Perhaps society is in fact moving forward and achieving equality. Despite typically held notions over women’s sports, the restaurant still played the women’s soccer game (which was on ESPN), and I enjoyed watching it. It’s something we can view as a big step from the women’s spectator-less basketball game in 1910.

5 Comments
  1. ann900 permalink
    December 6, 2010 11:23 PM

    I am a female athlete and personally I would choose to watch a male sport over a female sport. Like most of the rest of the country, I think that men’s sports are a lot more interesting and intense, which is the enjoyment that people want out of watching them. But as an athlete myself I am thankful that times are changing and people are paying more attention to female sports. By stations like ESPN airing a women’s game they are allowing opportunities for these women. For all female athletes because it shows hope for them in the future. That the public is interested and that they should be given more air time opportunities like that.

  2. aubriem permalink
    December 7, 2010 12:33 PM

    It is true that America chooses to watch men’s sports more often than women’s, but could this be because the media gives prime airtime to only those that are men’s sports. As stated in the post it was around 2pm on a Sunday when the specific women’s soccer game was playing. Usually at this specific time, American’s are having a late dinner after church/mass and before the Sunday football games, not flipping through the channels. Again, this observation could be because it is thought that Americans want to watch a male sport over a females. Although, male golf tournaments are also usually shone on Sunday mornings into mid-afternoon, while people are at church/mass or completing tasks they needed to get done over the weekend. The possibility could be that it isn’t necessarily a women’s sport that people choose not to watch, but also the type of sport. But, overall I do support the fact that overtime, women’s sports have gained more respect and do offer hope for the sports to receive more credit than they do currently.

  3. Eric Tellem permalink
    December 7, 2010 3:01 PM

    Coming from a family of sports, I can honestly say I have never watched a full women’s sports game in my entire life . It is not because I don’t like women or have something against women, it is simply because I believe mens sports is played at a higher level and thus is more entertaining. I don’t think women’s sports will ever be watched equally or more then men’s sports; however, I think women sports is starting to get the opportunity to show its still great talents out. There is no such thing as equality in the TV world or sports world, so I think Mills opinion is insignificant.

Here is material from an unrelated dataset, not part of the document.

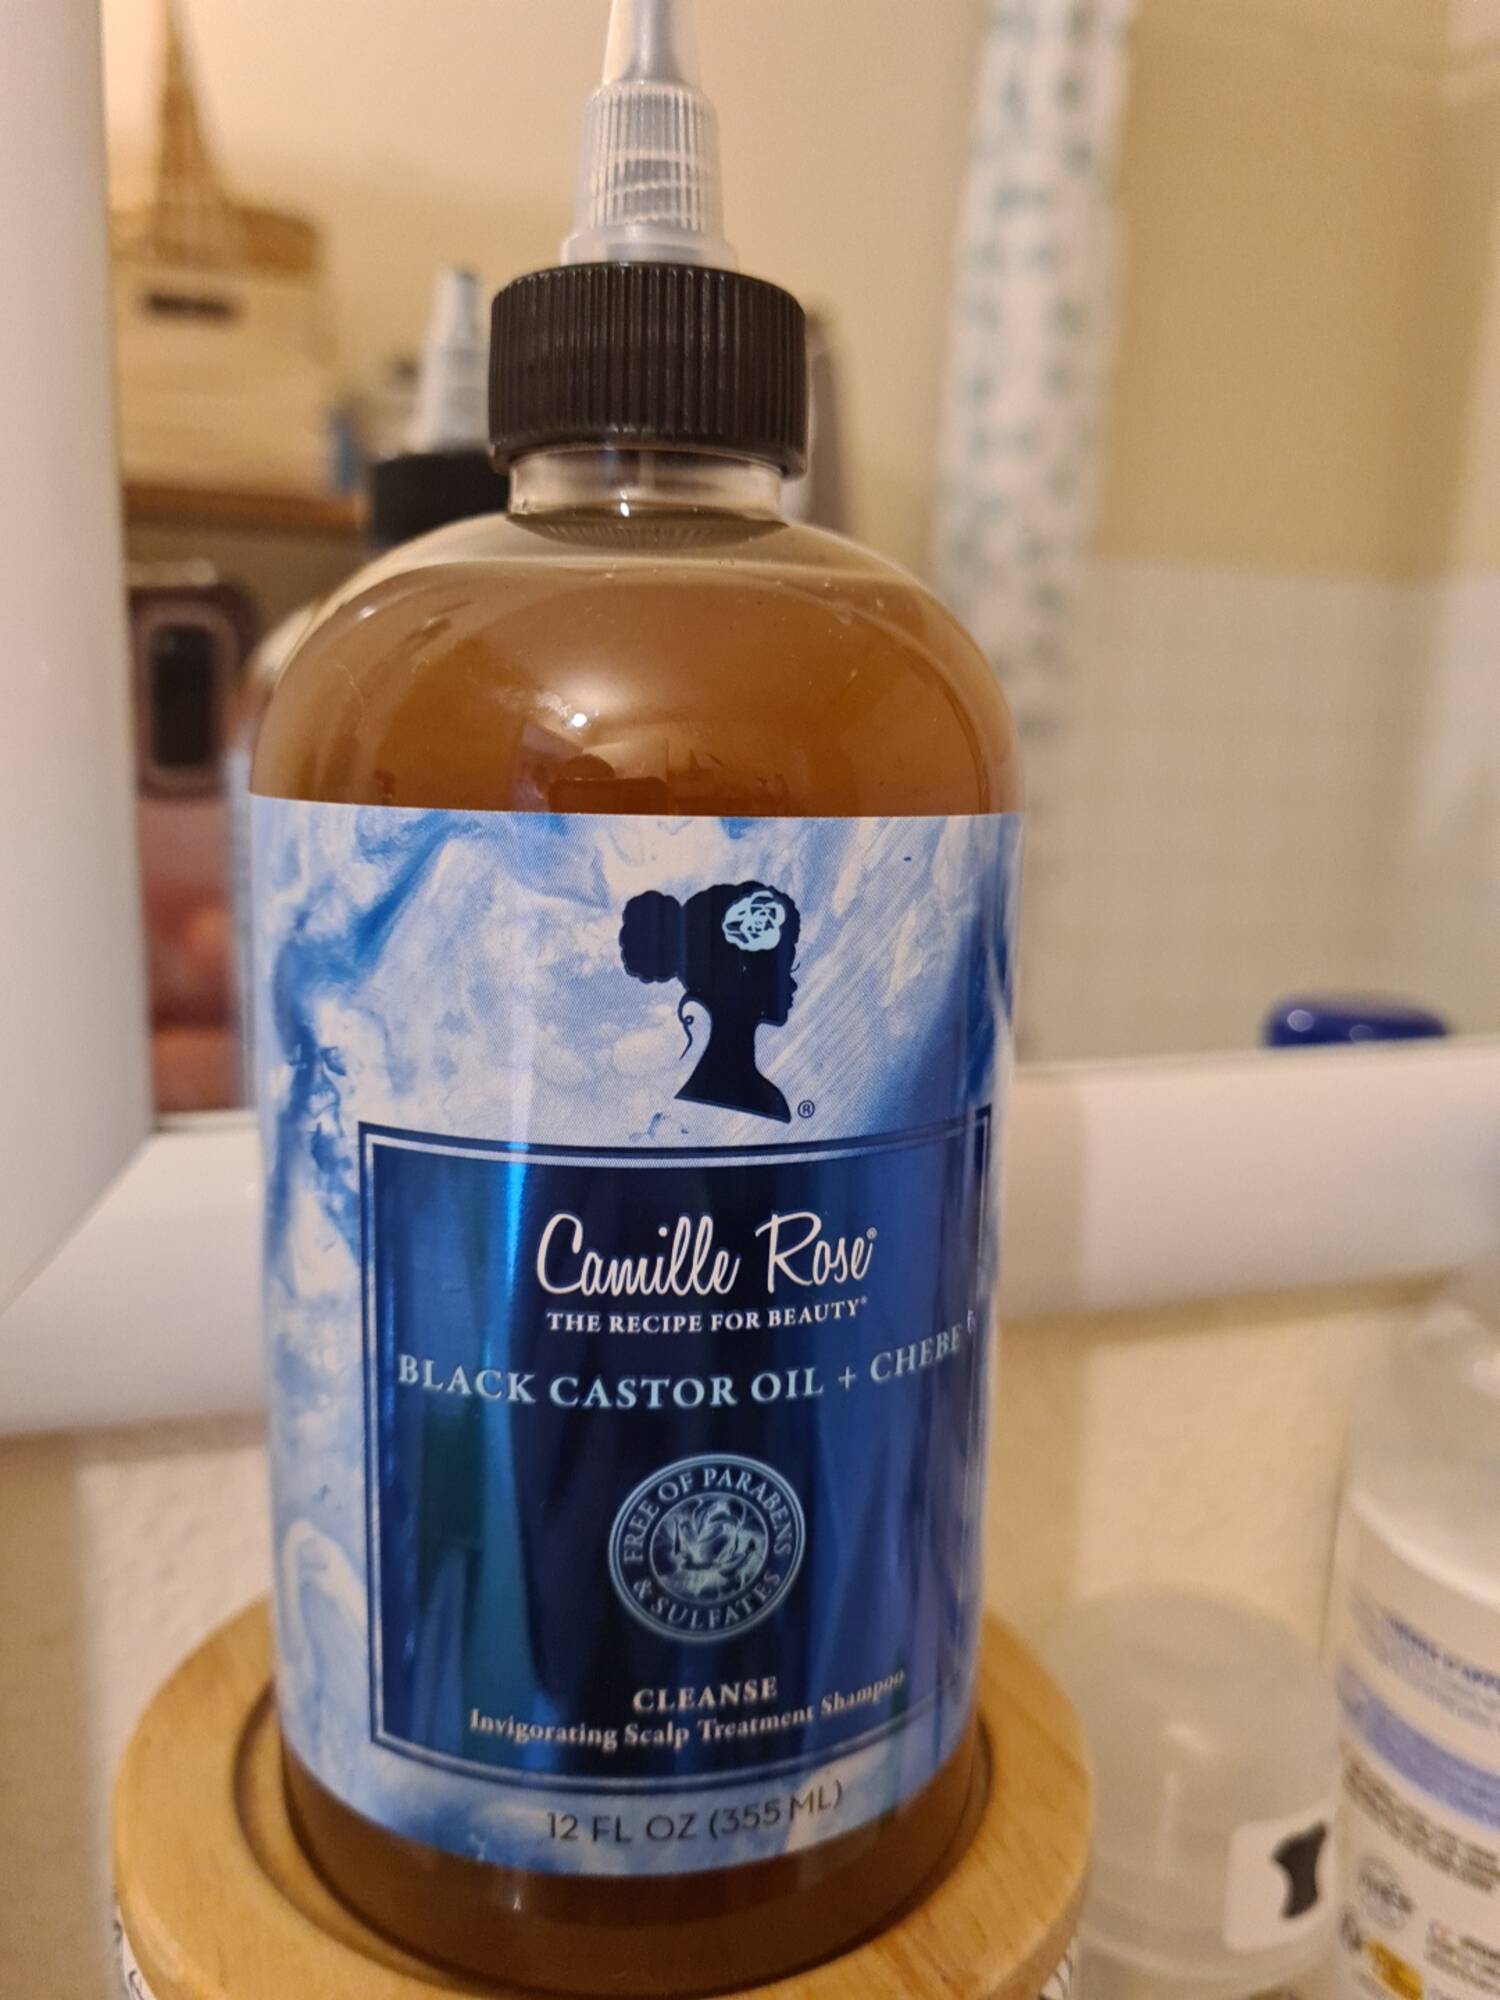 CAMILLE ROSE - Black castor oil + chebe - Shampoo

  4. Floyd Simmons permalink
    December 7, 2010 5:34 PM

    I agree that America wants to view the most popular sports but I’m quite sure if women played football it would be just as intense as football is now. So I’m not sure if the reason for this inequality is because of an intense factor. I think that when it comes down to it it’s about money and if women brought in more money from sports being shown on television there would be a complete change. The problem is the way people view women compared to men and the problem may stem from the beginning. Which is just stating “Men’s Sports” or “Women’s Sports,” there is no one sport that just entitles one sex to play versus another. There all just sports and anyone can play and if both women and men played together, there would be no mercy and even more excitement.

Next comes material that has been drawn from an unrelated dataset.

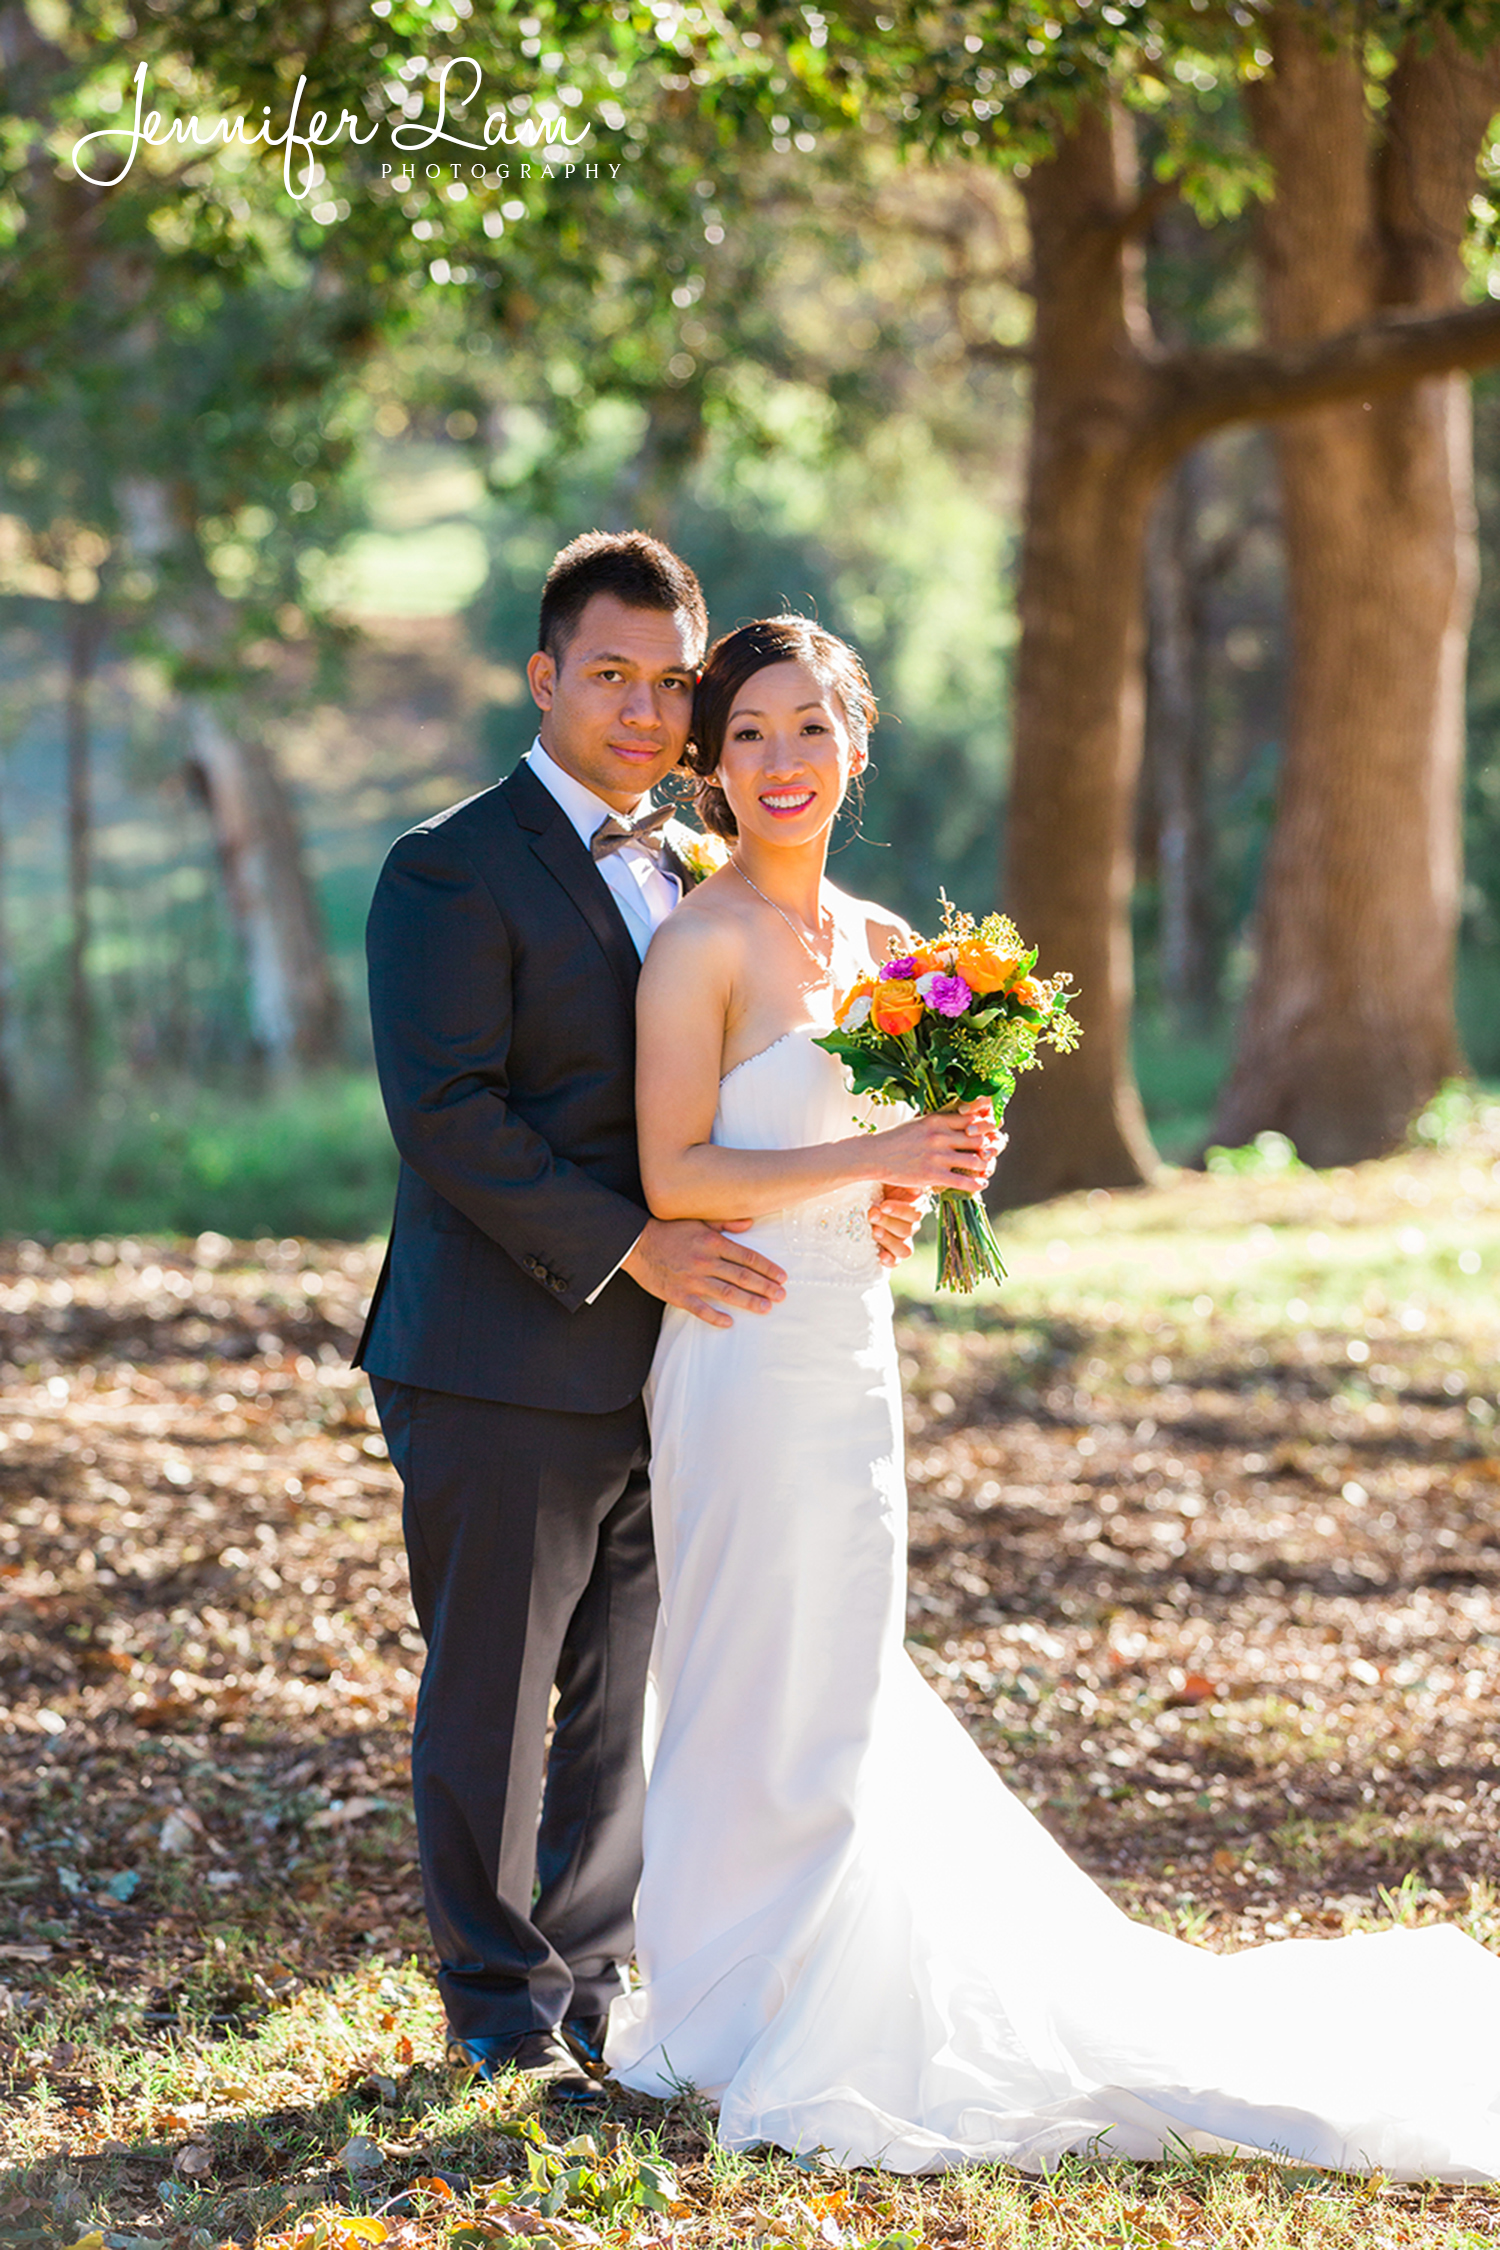 Sydney Wedding Photographer - Jennifer Lam Photography (75).jpg

  5. Mycki Kujacznski permalink
    December 8, 2010 1:29 AM

    In high school, I played lacrosse and I always got so annoyed at the different rules for the guys and girls. Guys can hardcore check each other and the girls get yellow-carded for almost anything. I do agree that when it comes to things like that, and other inequalities that still exist between men and women’s sports, they should be changed so that there are no differences between gender. However, I still don’t know if the two will ever reach full equality. I personally love watching NBA games, but I would never put the TV on a WNBA game – even if it were the exact same rules. I’m not being sexist because I am a girl, and I don’t even really have a reason. I just find men’s sports more enjoyable to watch, just like it seems the rest of America does too.